* [Work request]: Without including any pictures, copy every line below exactly.

* [Raw data]:
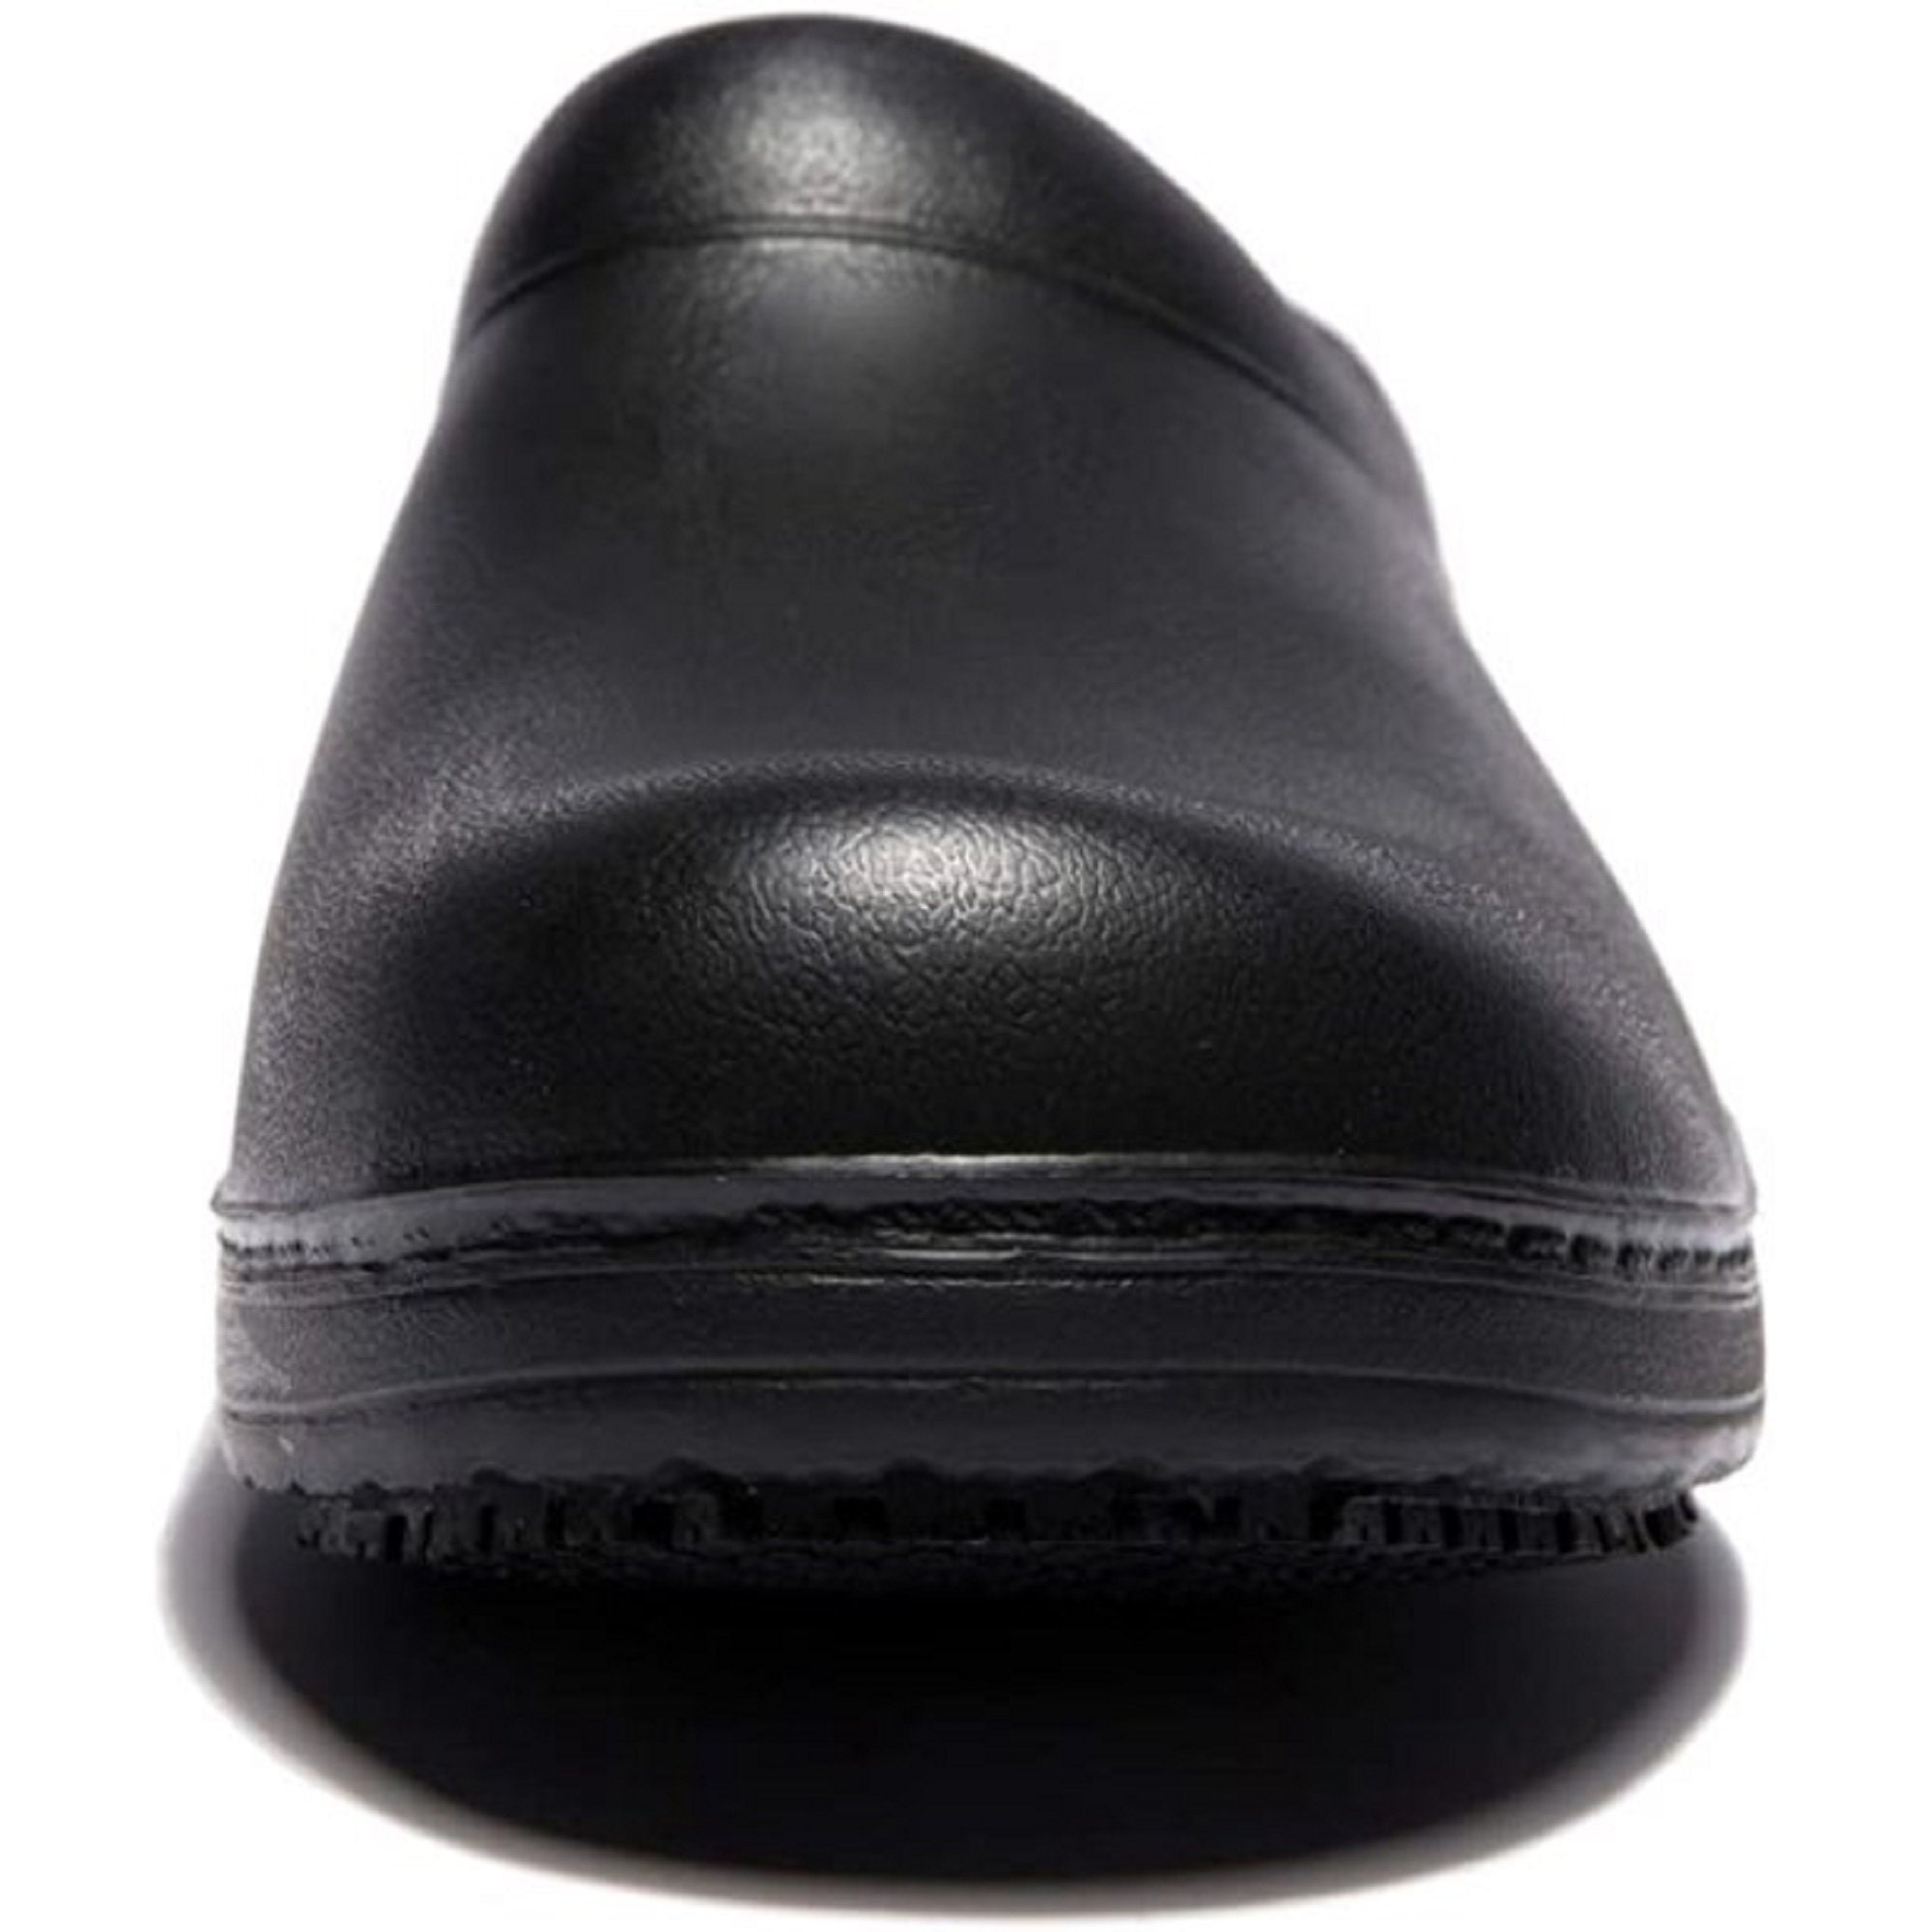 GOYOMA Black Non-slip chef shoes men/women kitchen safety | Etsy
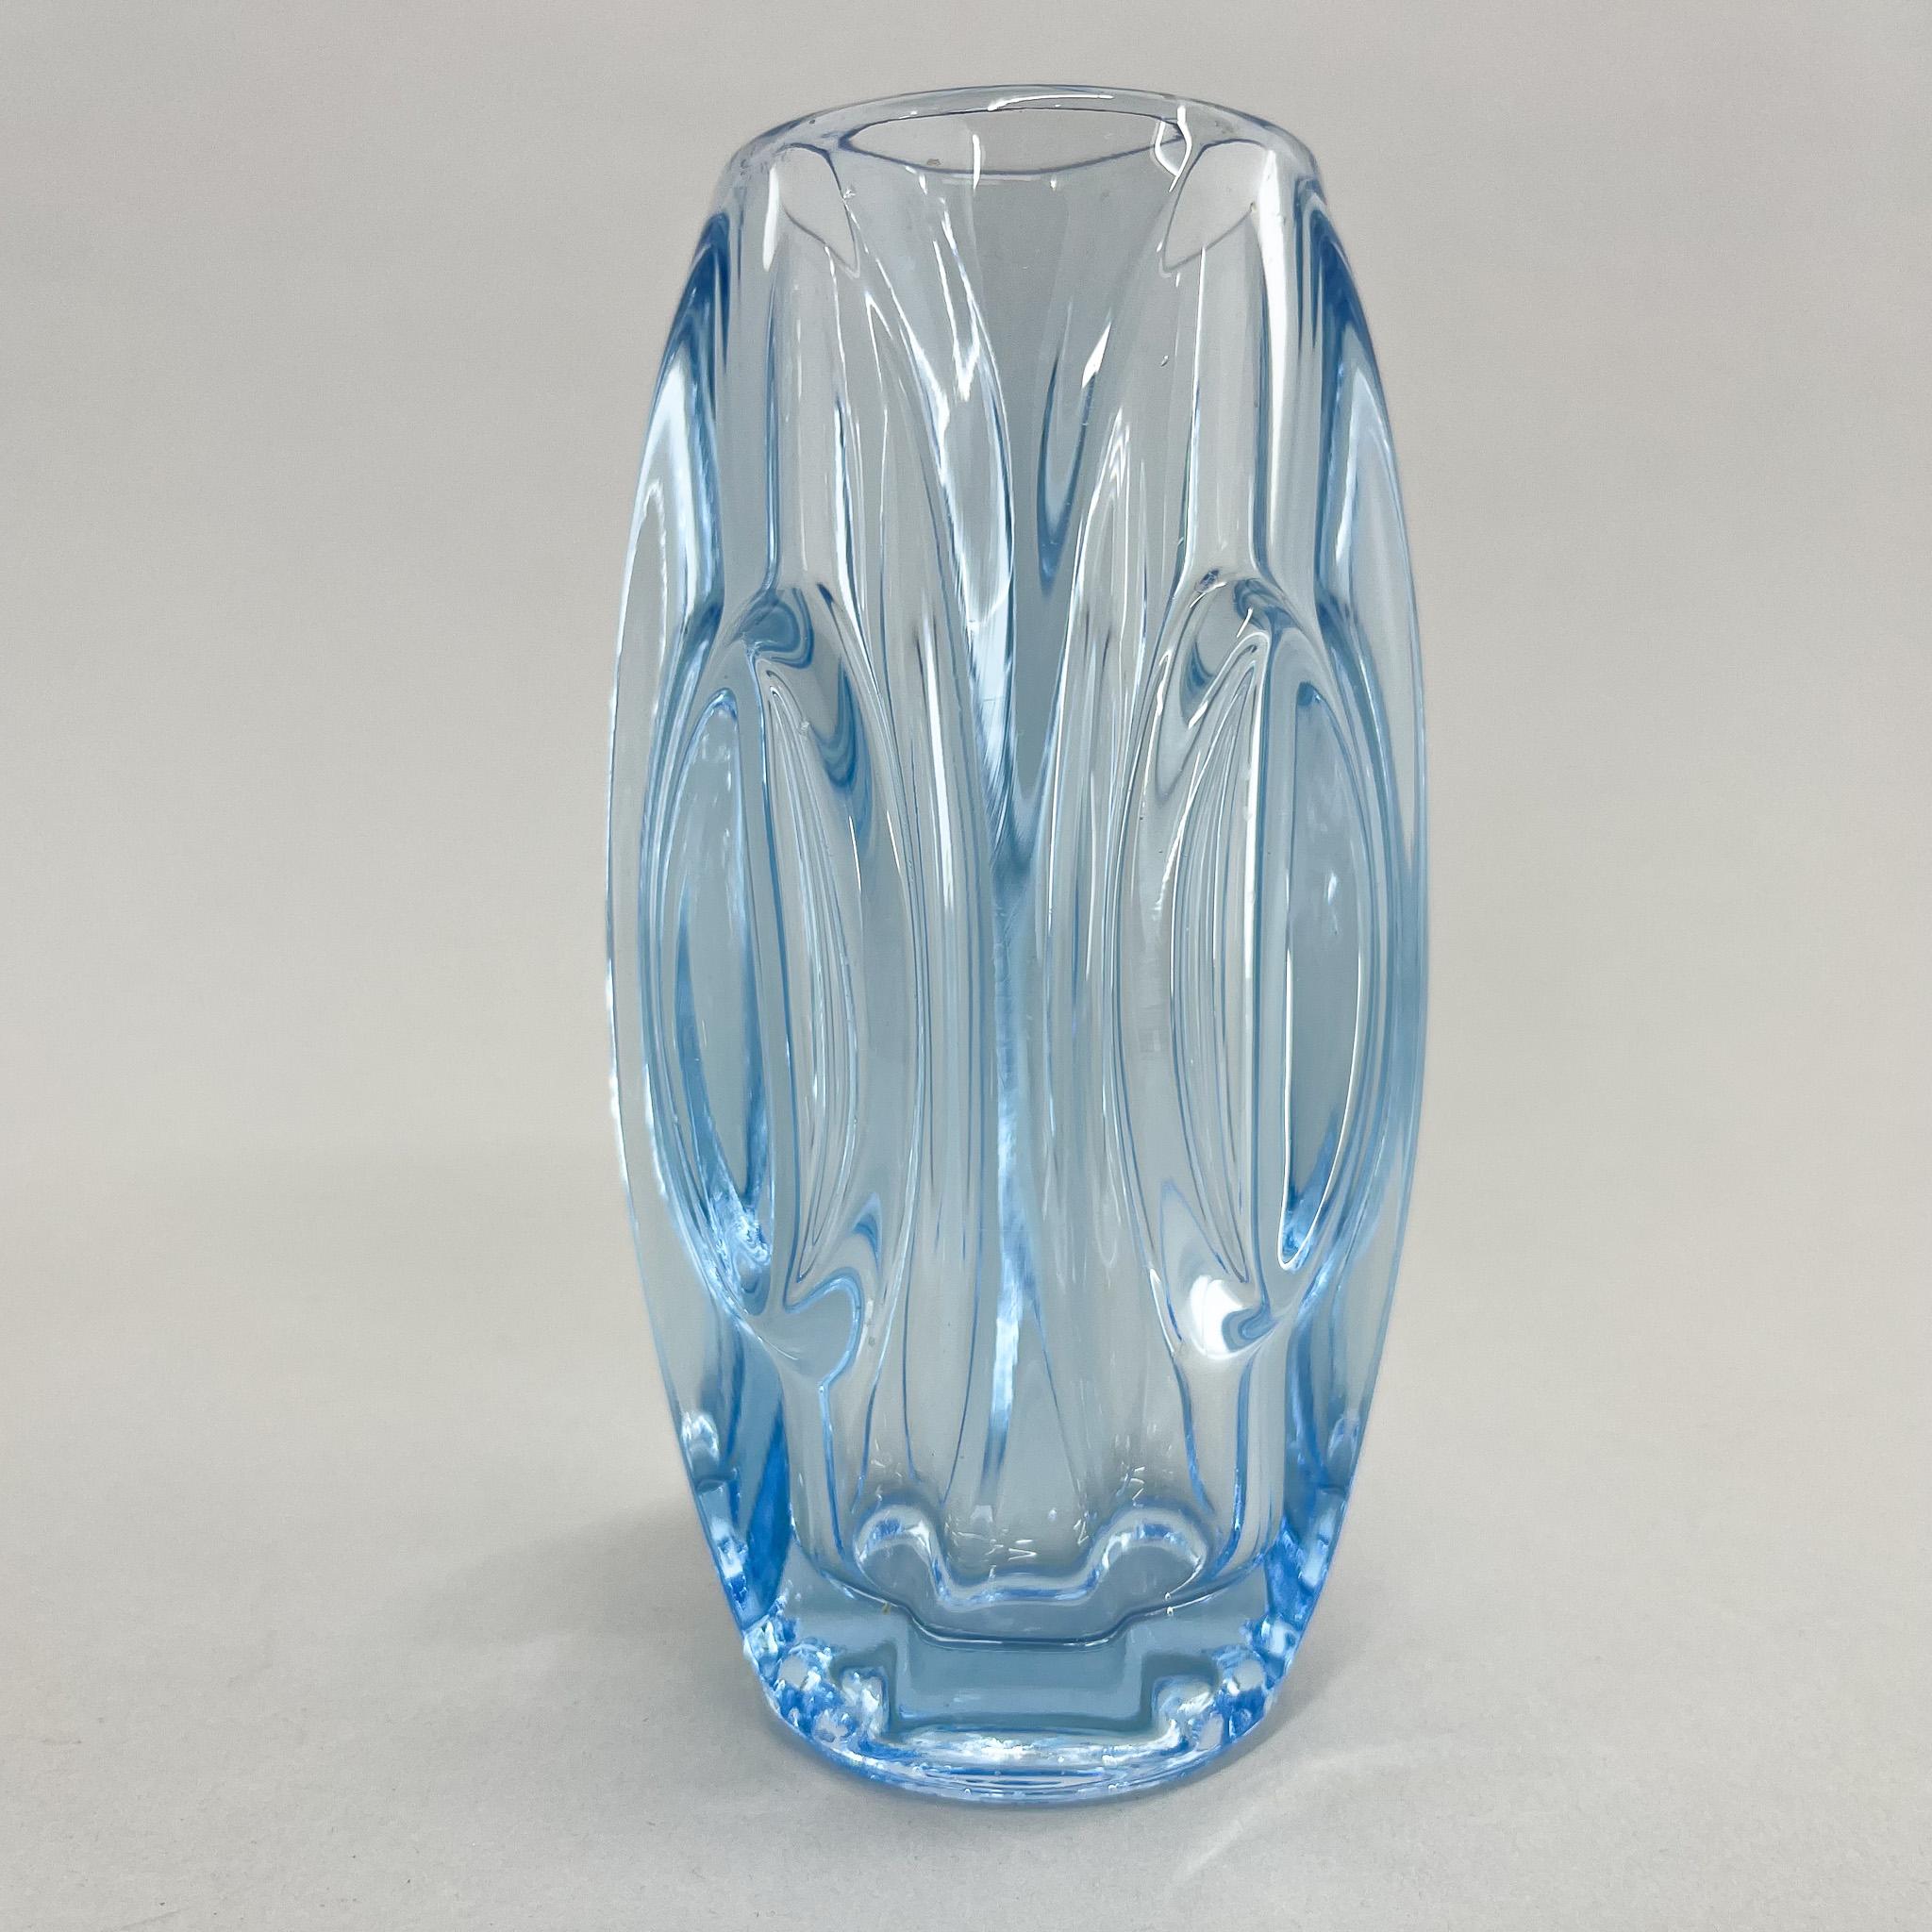 Kleine blaue Vase aus Pressglas, entworfen von Rudolf Schrötter um 1955 und hergestellt von der Glashütte Rosice (Teil der SkLO Union) in der ehemaligen Tschechoslowakei.
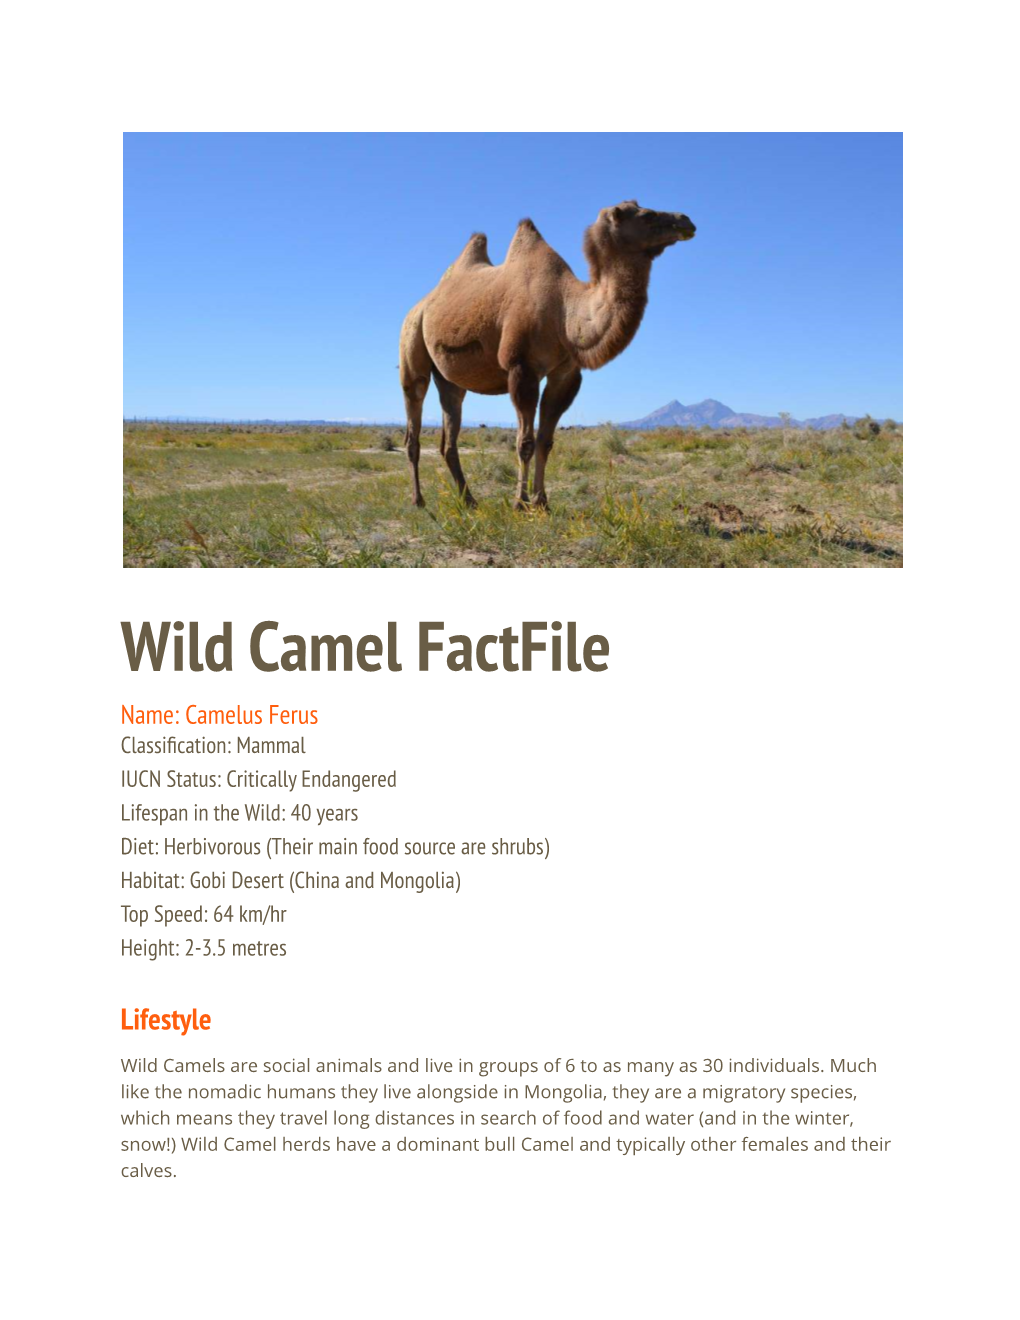 Wild Camel Factfile

* [Exercise answer]:
 GOYOMA Black Non-slip chef shoes men/women kitchen safety | Etsy
 Kleine blaue Vase aus Pressglas, entworfen von Rudolf Schrötter um 1955 und hergestellt von der Glashütte Rosice (Teil der SkLO Union) in der ehemaligen Tschechoslowakei.
 Wild Camel Factfile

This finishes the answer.